On not being Charlotte Brontë
The author and literary critic Erin Kelly has something to say about the use of the system of English tenses in fiction. Writing about submissions from debutante writers, she singles out for particular censure passages like:
I knelt at the foot of his grave: I’m crying so hard right now. The tears fell thick and fast. They splash on the newly-dug earth.
Even writing about this, says Kelly, is “making my eyes itch.” It’s not that writing in more than one tense is forbidden; simply that it has to be done “clearly and purposefully.” My difficulty is that I’m not altogether sure what she means by that. Indeed, the more you think about it, the less obvious things appear.

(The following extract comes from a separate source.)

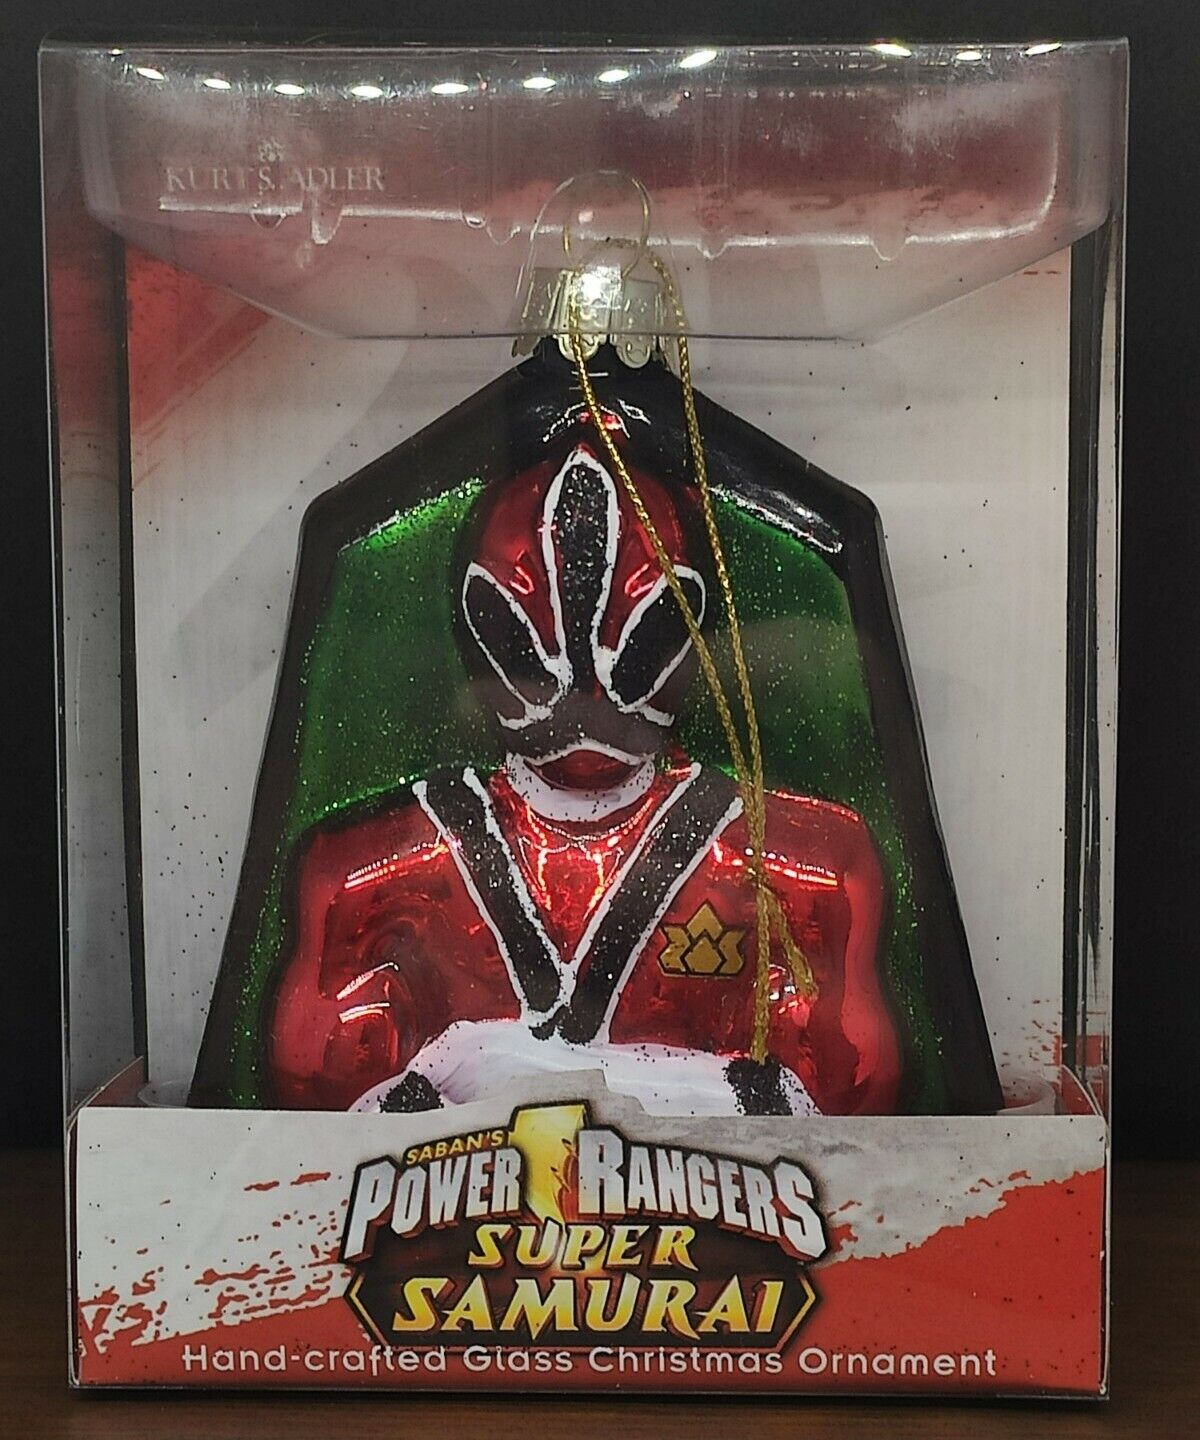 Kurt Adler Handcrafted Glass Ornament- Sabans Power Rangers Super Samurai C4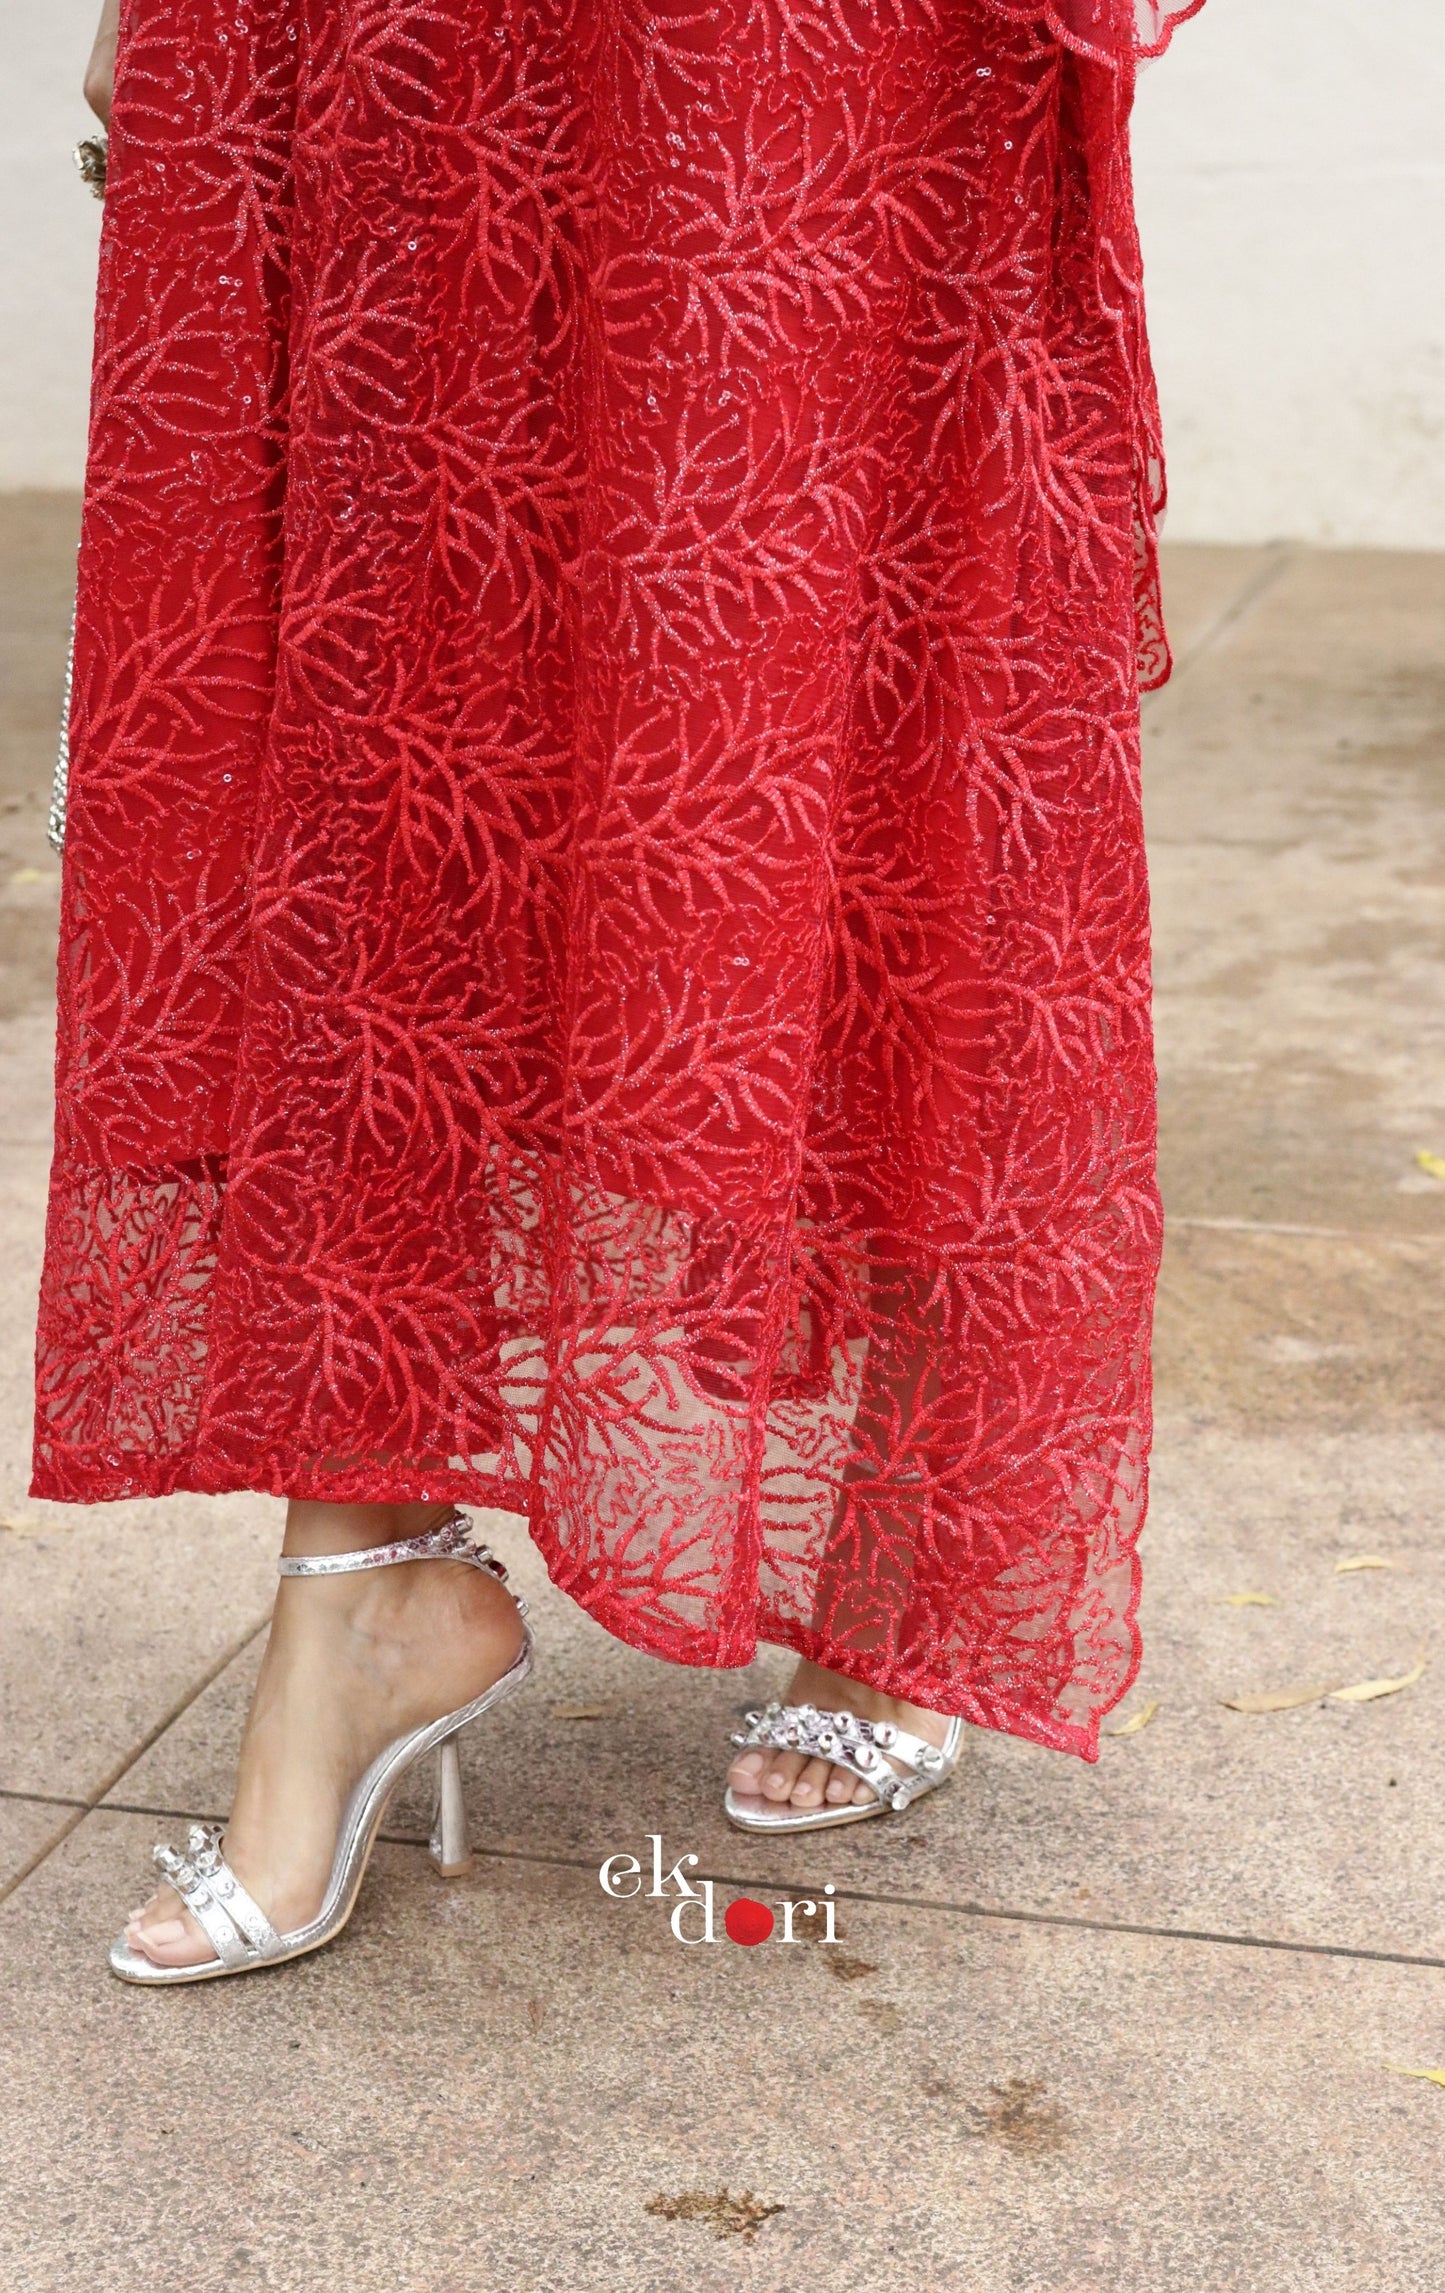 Malti Kaftan Dress : Festive Sequin Net Kaftan Kurta Dress

Let me play devil’s advocate a while. You remember what I A Richards did in Practical Criticism? Students (Cambridge University students of English Literature, no less) were given poems to analyse without knowing the author. The degree to which “author attribution” assisted the fledgling critic was embarrassing. Look at that passage again. What if I tell you Kelly was pulling your leg and that the three sentences can be found in F Scott Fiztgerald’s Tender is the Night. In fact they are a quotation – direct speech. What if I tell you that Zelda’s deranged ramblings quoted here actually comprise a sophisticated literary joke? (Fitzgerald borrowed money from his literary agent to keep himself while writing the book). Before you read on, please, go back – right now - and read the three sentences. What do you think of them now? Do your eyes itch? My guess is, perhaps less. Perhaps there was merit in it after all.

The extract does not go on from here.